Selon les chercheurs, il est concevable qu’après une journée de travail à mouler des pots en argile ou à transpirer près d’un four chaud, les ouvriers céramistes aient fréquenté la taverne, profitant de son cadre en plein air pour siroter une bière fraîche et prendre un repas cuisiné.
« Nous avons des gobelets qui auraient été utilisés pour de la bière », poursuit le Dr Pittman, rappelant que c’était « de loin la boisson la plus commune pour les Sumériens, peut‑être même plus que l’eau ».
« La plupart du travail effectué sur les autres sites se concentre sur les rois et les prêtres, les élites en somme, et c’est très important », souligne‑t‑elle. Mais les gens ordinaires sont aussi importants surtout que « plusieurs ateliers de céramiques dotés de fours » laissent penser que Lagash était « un centre important pour la production artisanale de masse, assurée par ces gens du communs, ville dont les habitants dépendaient également de l’agriculture, de l’élevage, de la pêche, mais aussi de l’échange de marchandises ».
« La taverne prouve l’existence d’une infrastructure sociale et économique – peut‑être politique – qui était utilisée il y a 5000 ans.

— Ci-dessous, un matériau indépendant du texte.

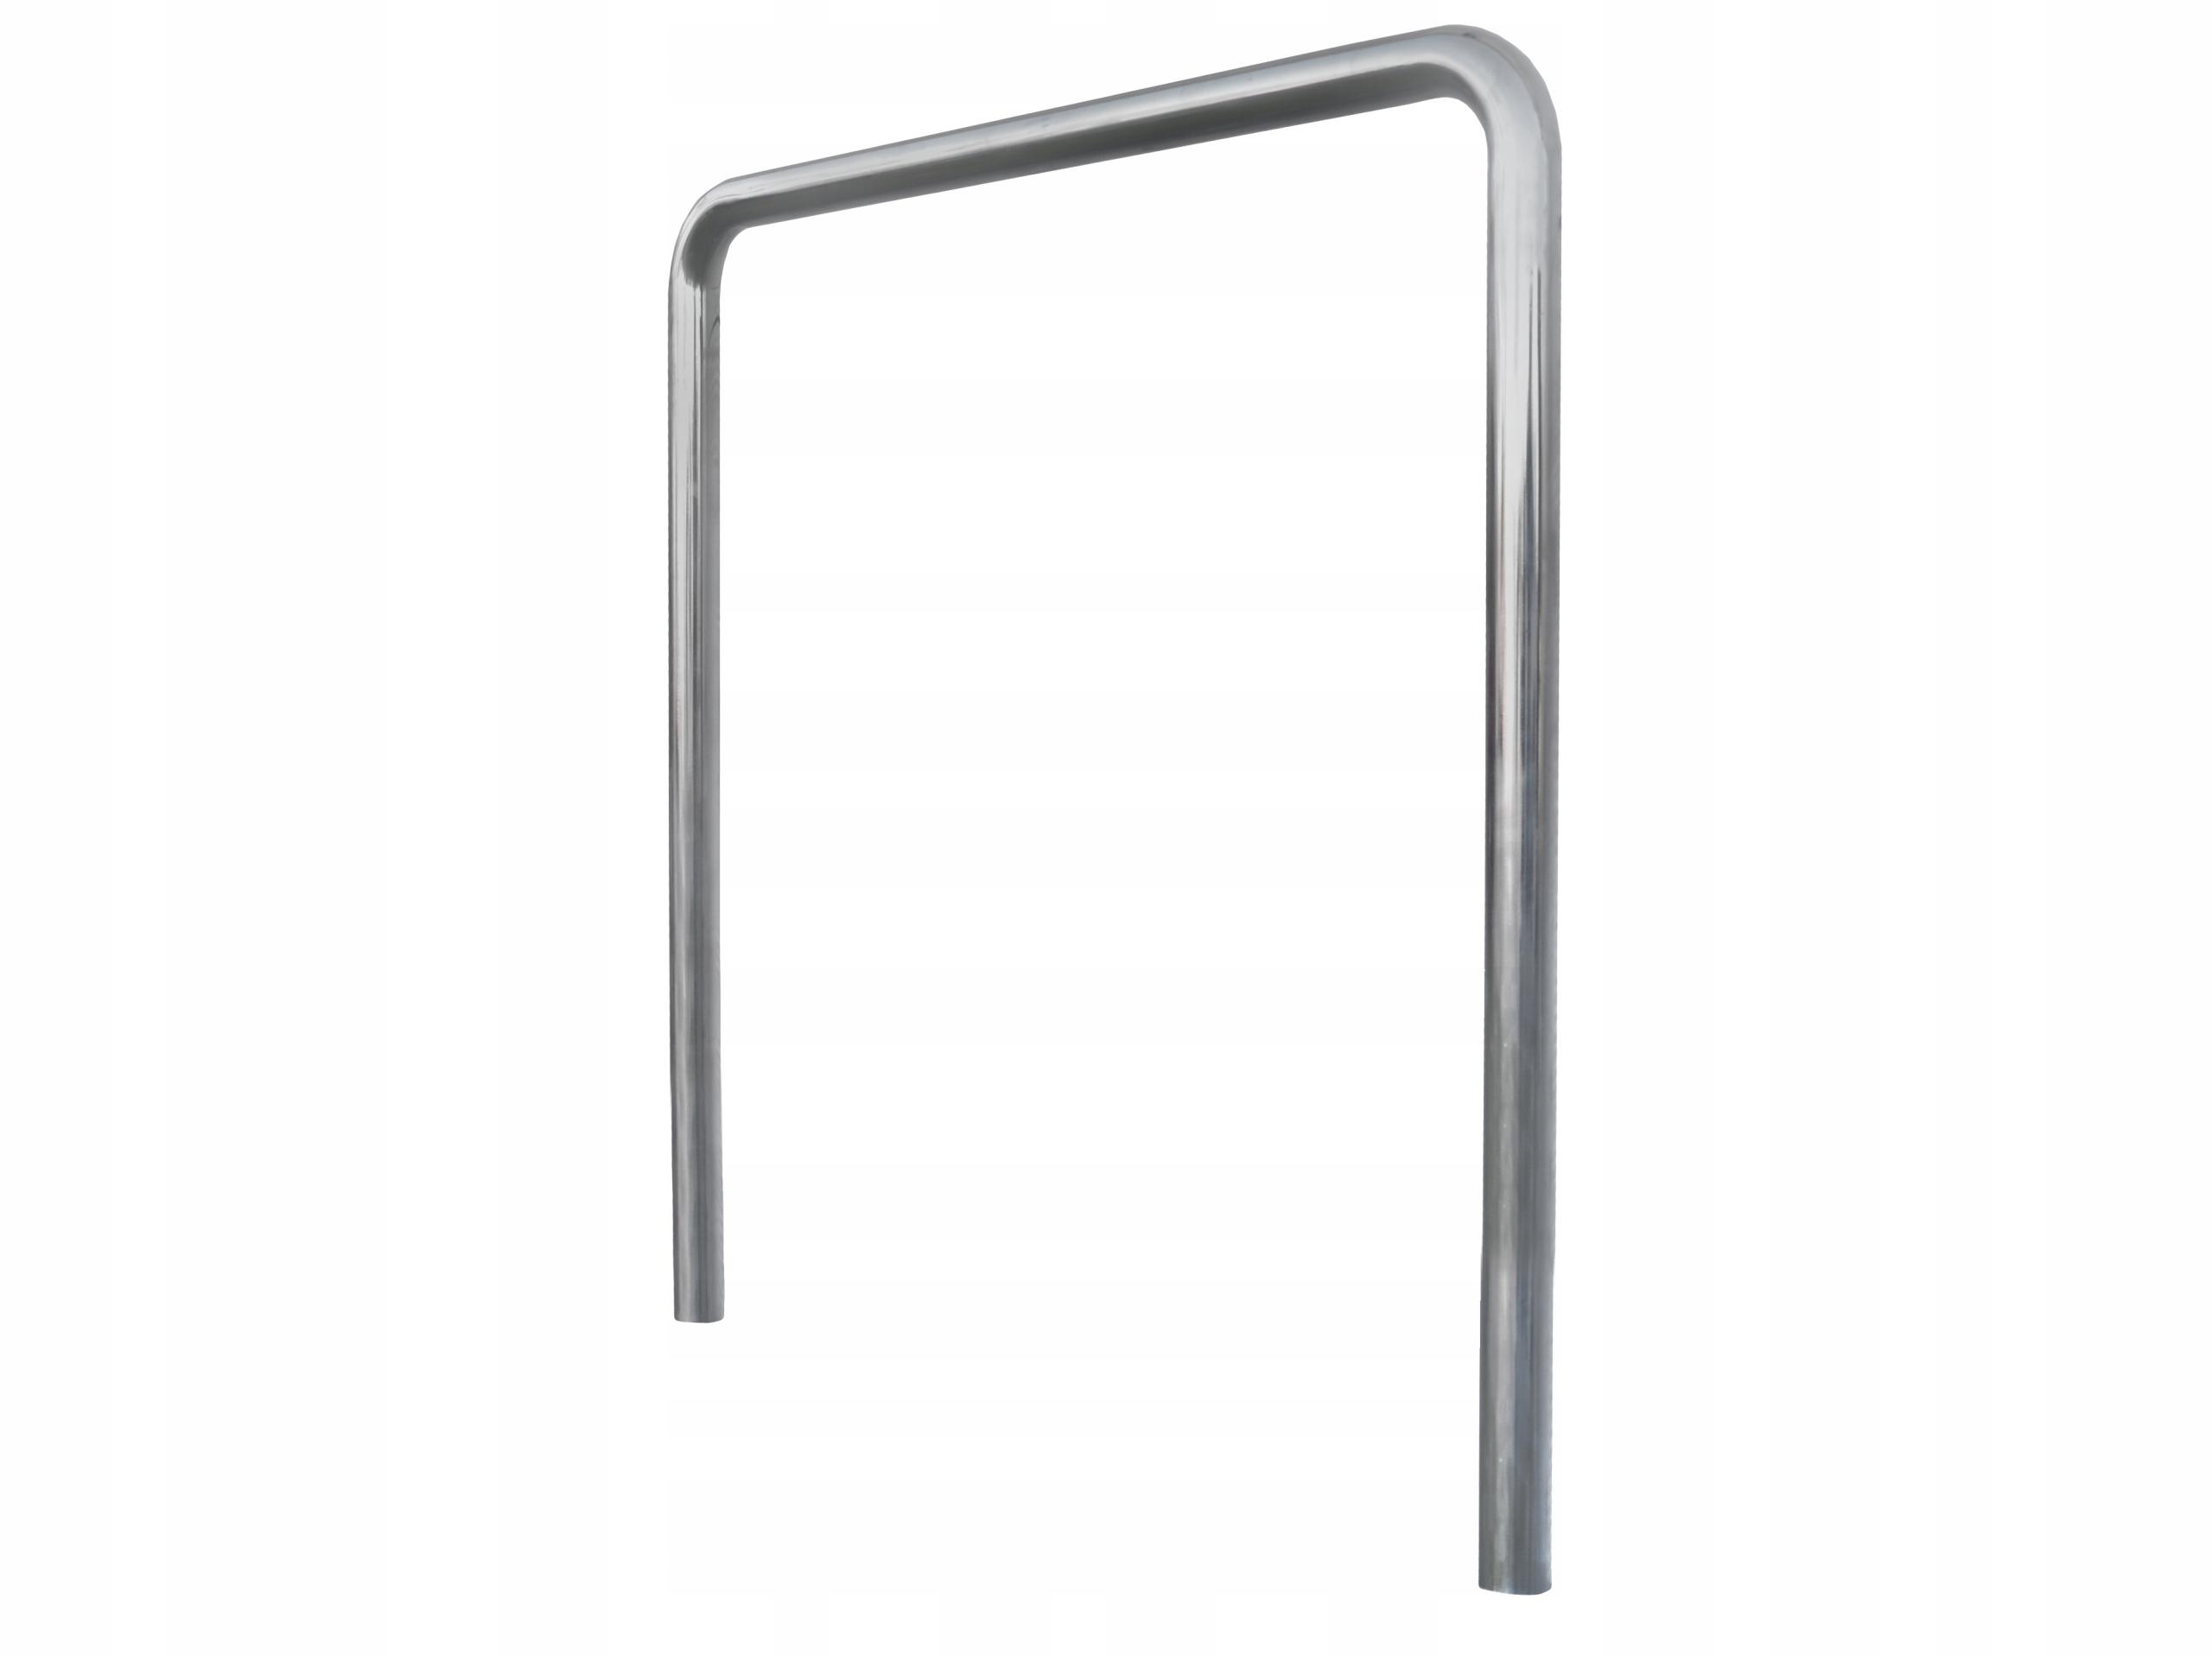 Крепление для велосипедов 80x80. Нержавеющая сталь.
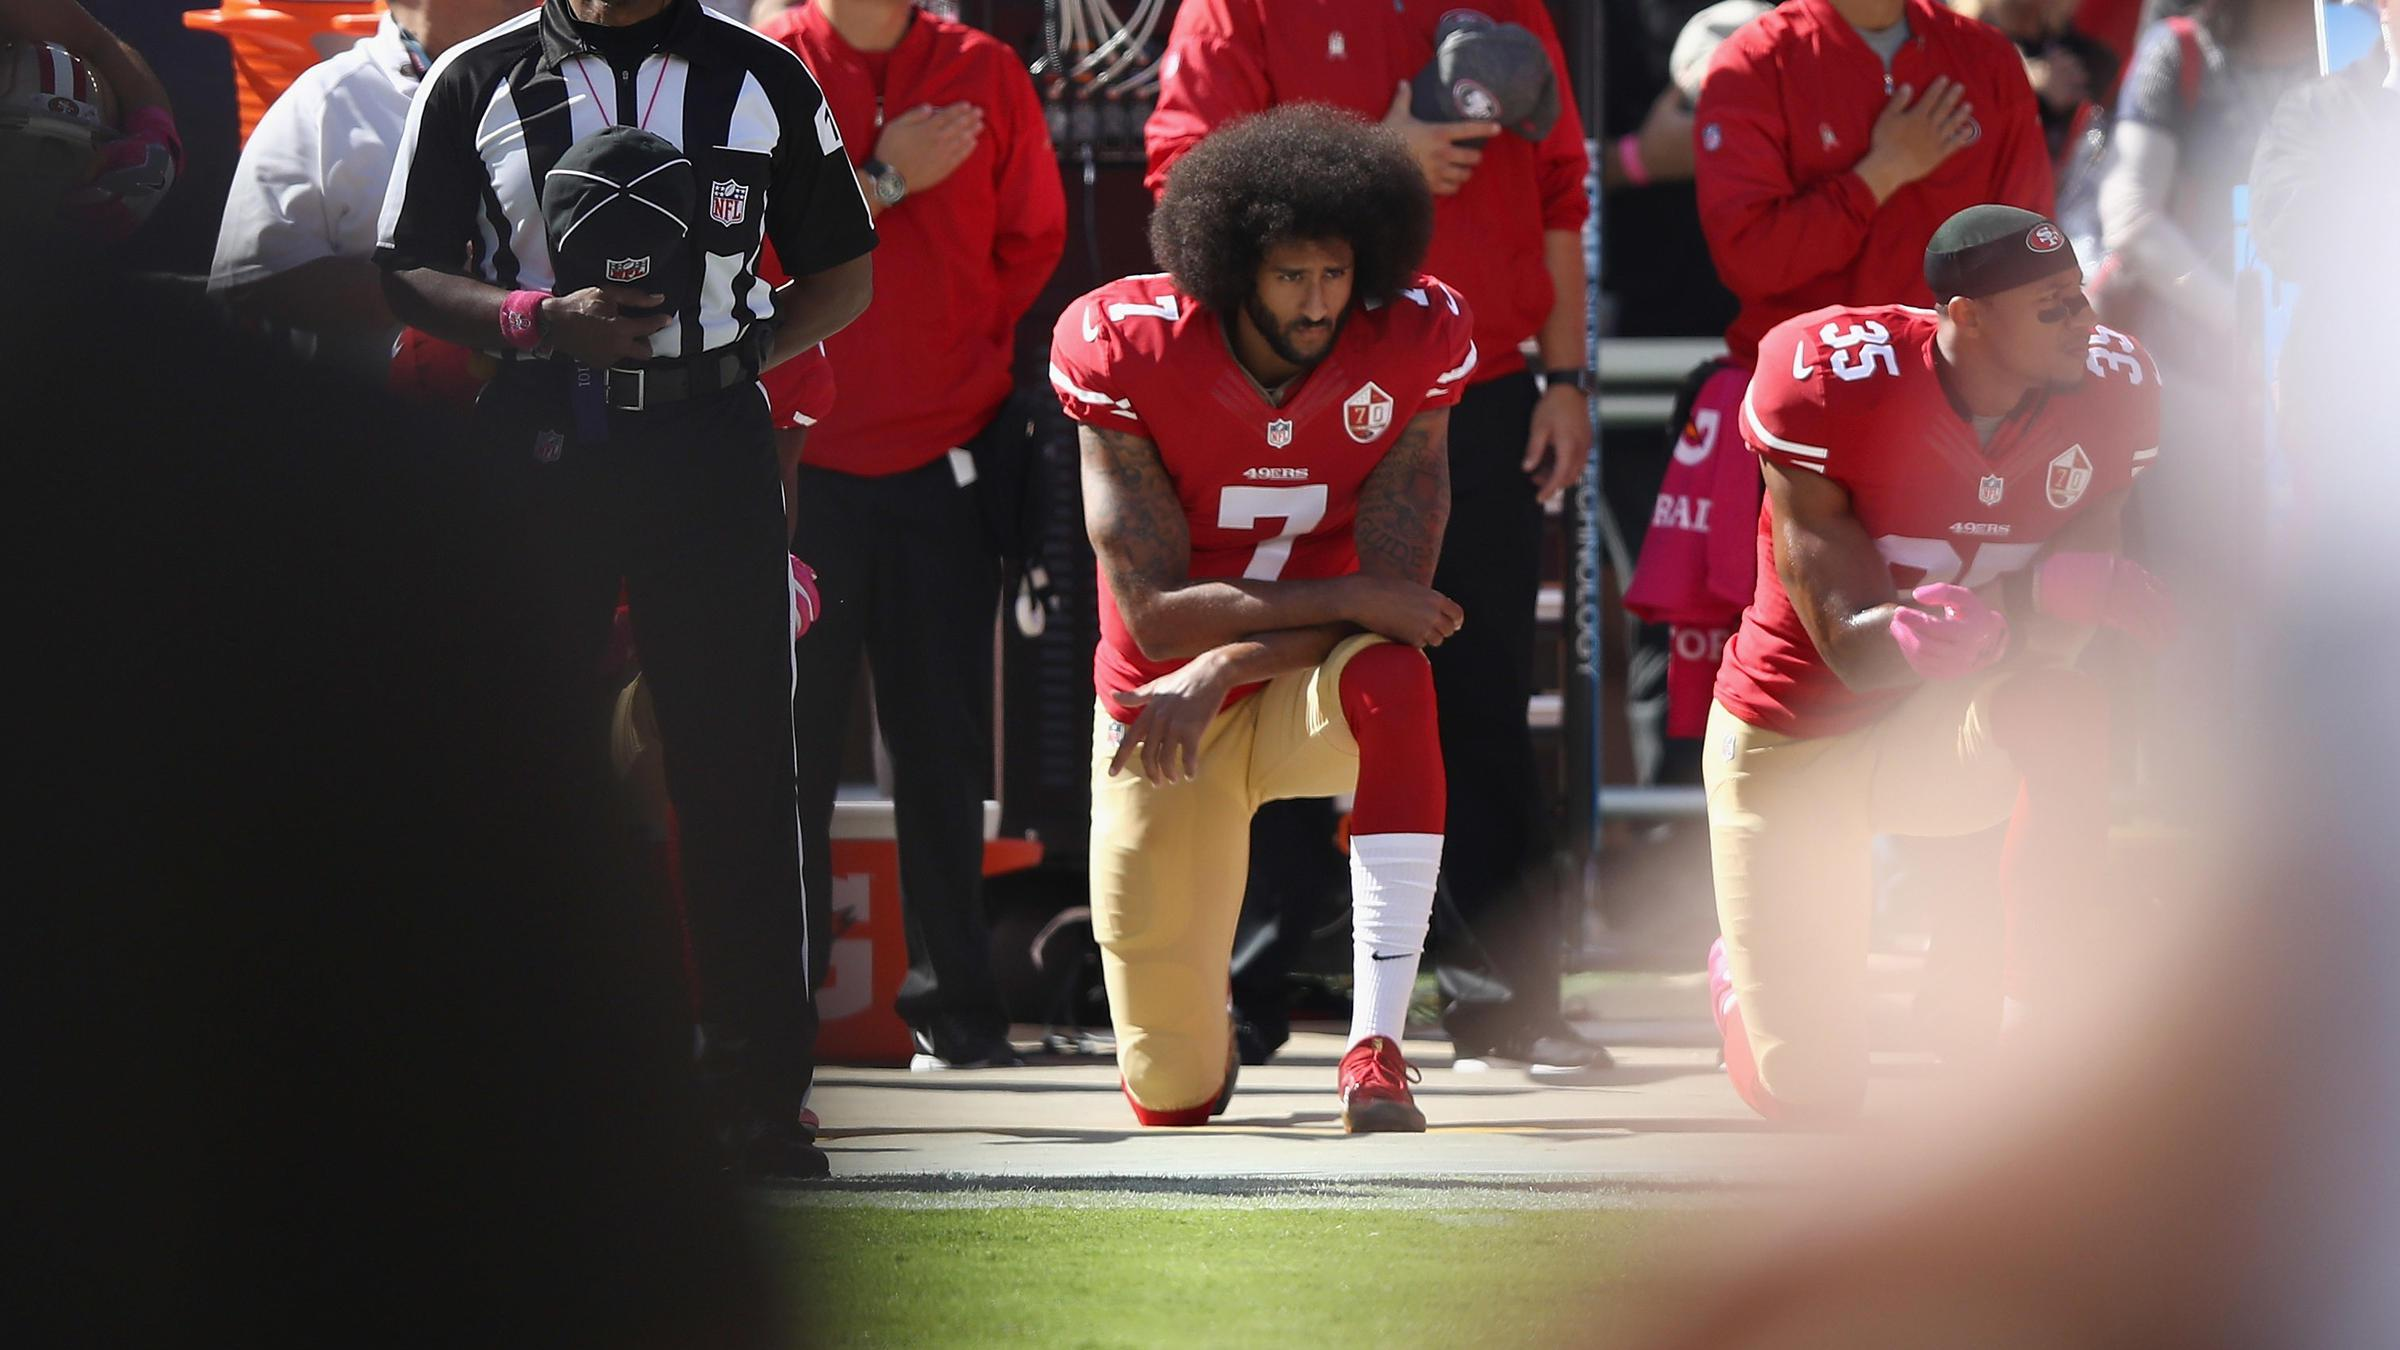 库里和格林都忍不了…难唱到炸的美国国歌,在体育场里导演无数车祸现场

Jusqu’à présent, personne n’a vraiment étudié la vie, le travail et l’économie des gens ordinaires à cette période de la civilisation. »
Le Dr Holly Pittman et son équipe espèrent également que l’association étroite du projet avec les archéologues et les villageois irakiens locaux, en leur fournissant une formation, suscitera leur intérêt pour faire revivre ce riche patrimoine ancien.